◆ **INFORMATION**

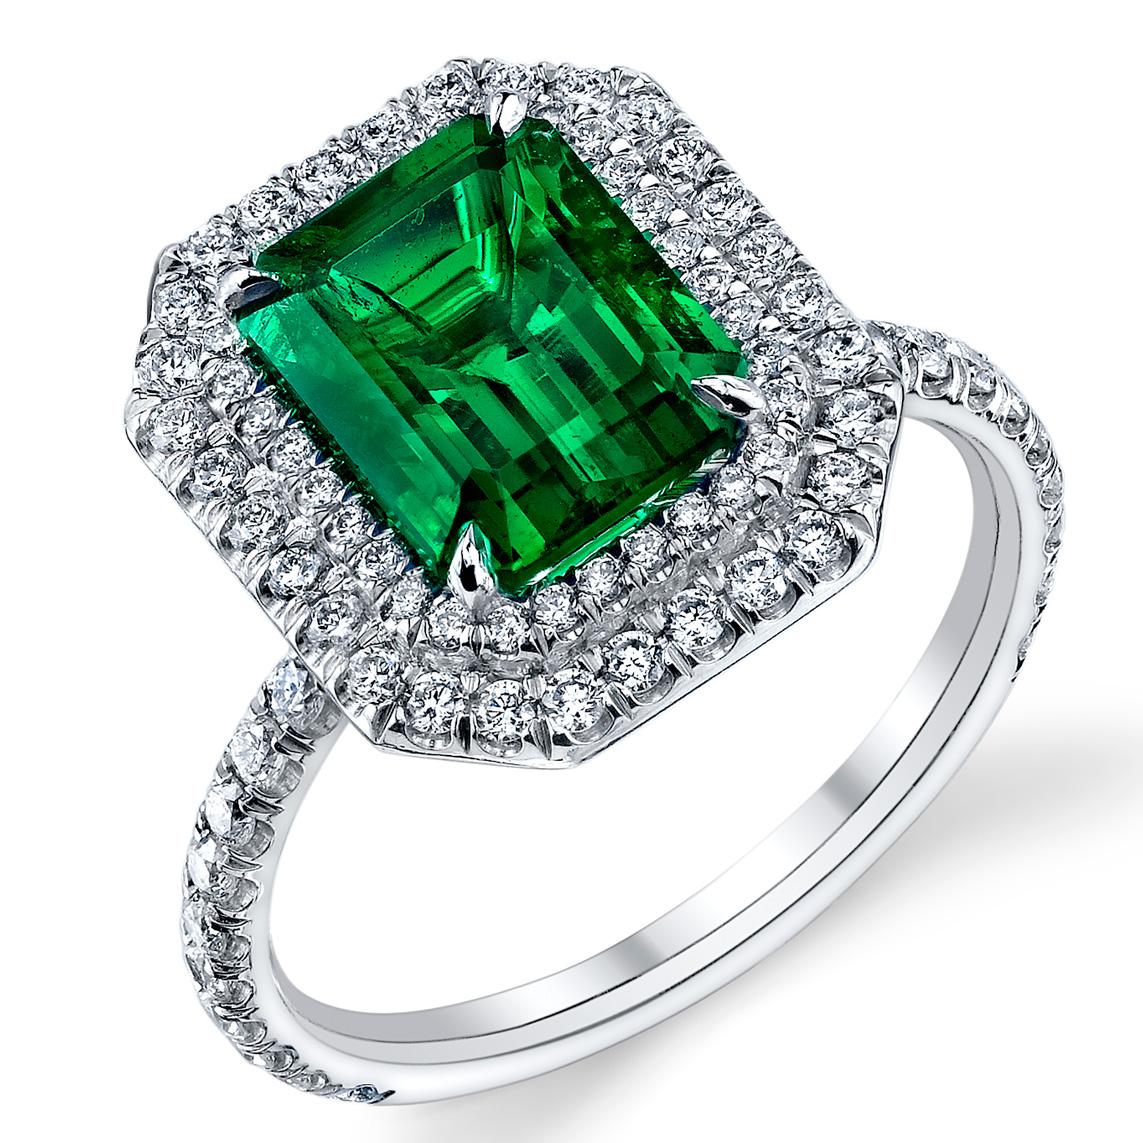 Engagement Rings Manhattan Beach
---
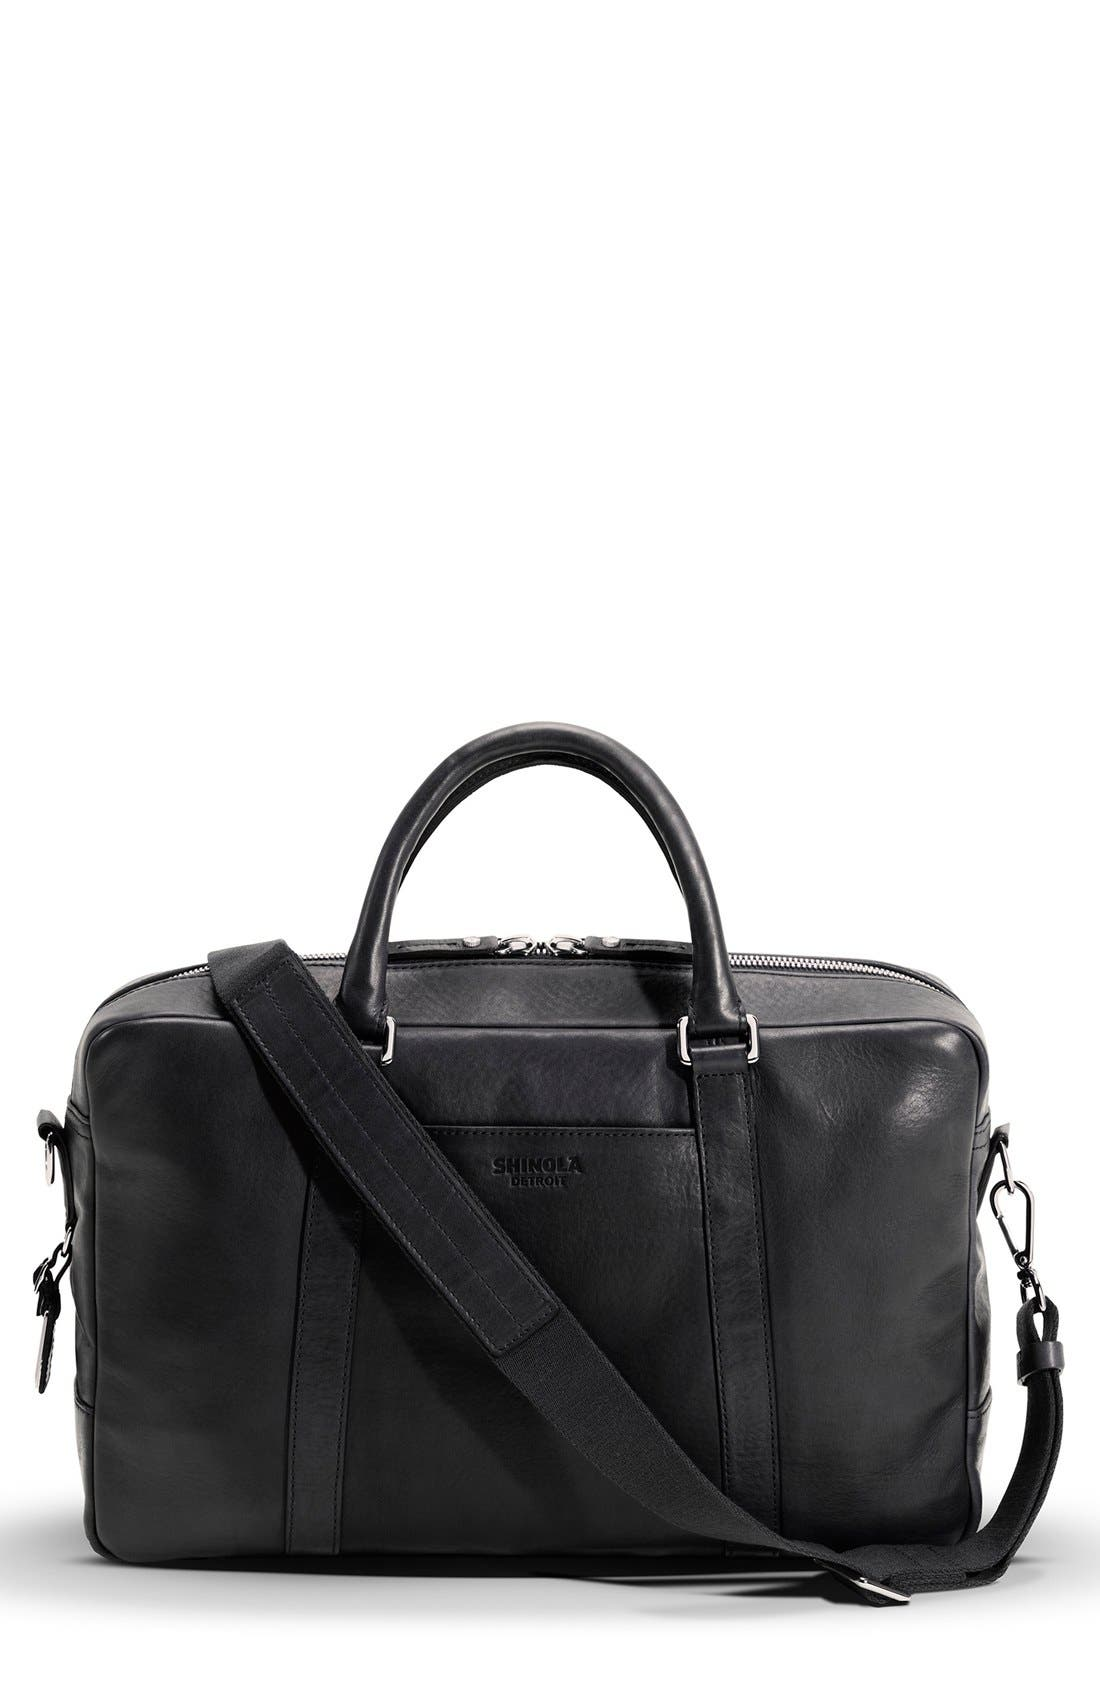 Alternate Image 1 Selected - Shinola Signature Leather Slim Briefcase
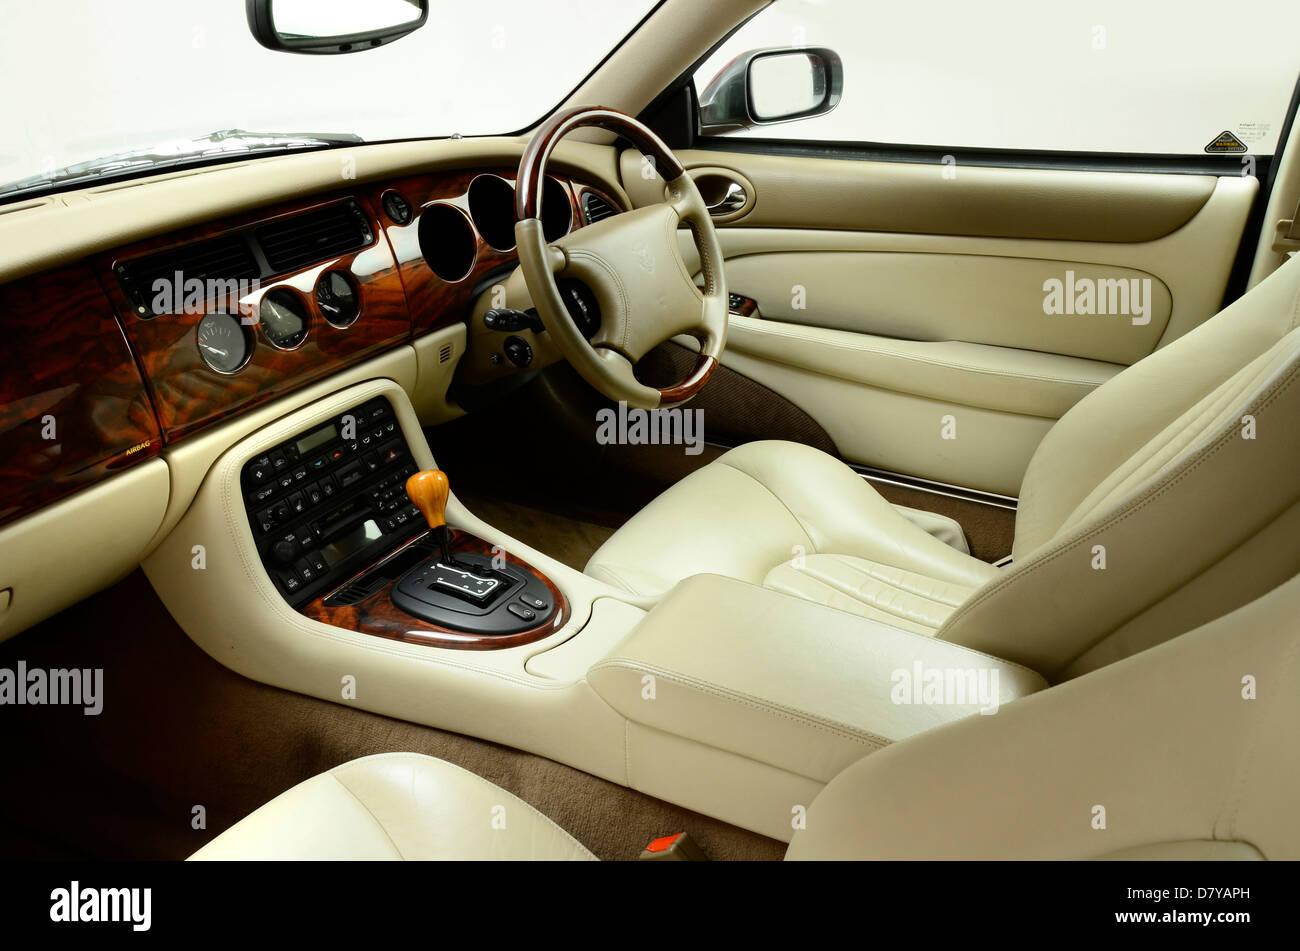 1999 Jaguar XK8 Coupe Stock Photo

◆ **WHAT YOU NEED TO DO**
Your answer is the exact run of lines above from the one with "Alternate Image 1" through the one with "1999 Jaguar XK8 Coupe Stock Photo", both ends included, minus any picture.

◆ **SOLVED PROBLEM**
 Alternate Image 1 Selected - Shinola Signature Leather Slim Briefcase
 1999 Jaguar XK8 Coupe Stock Photo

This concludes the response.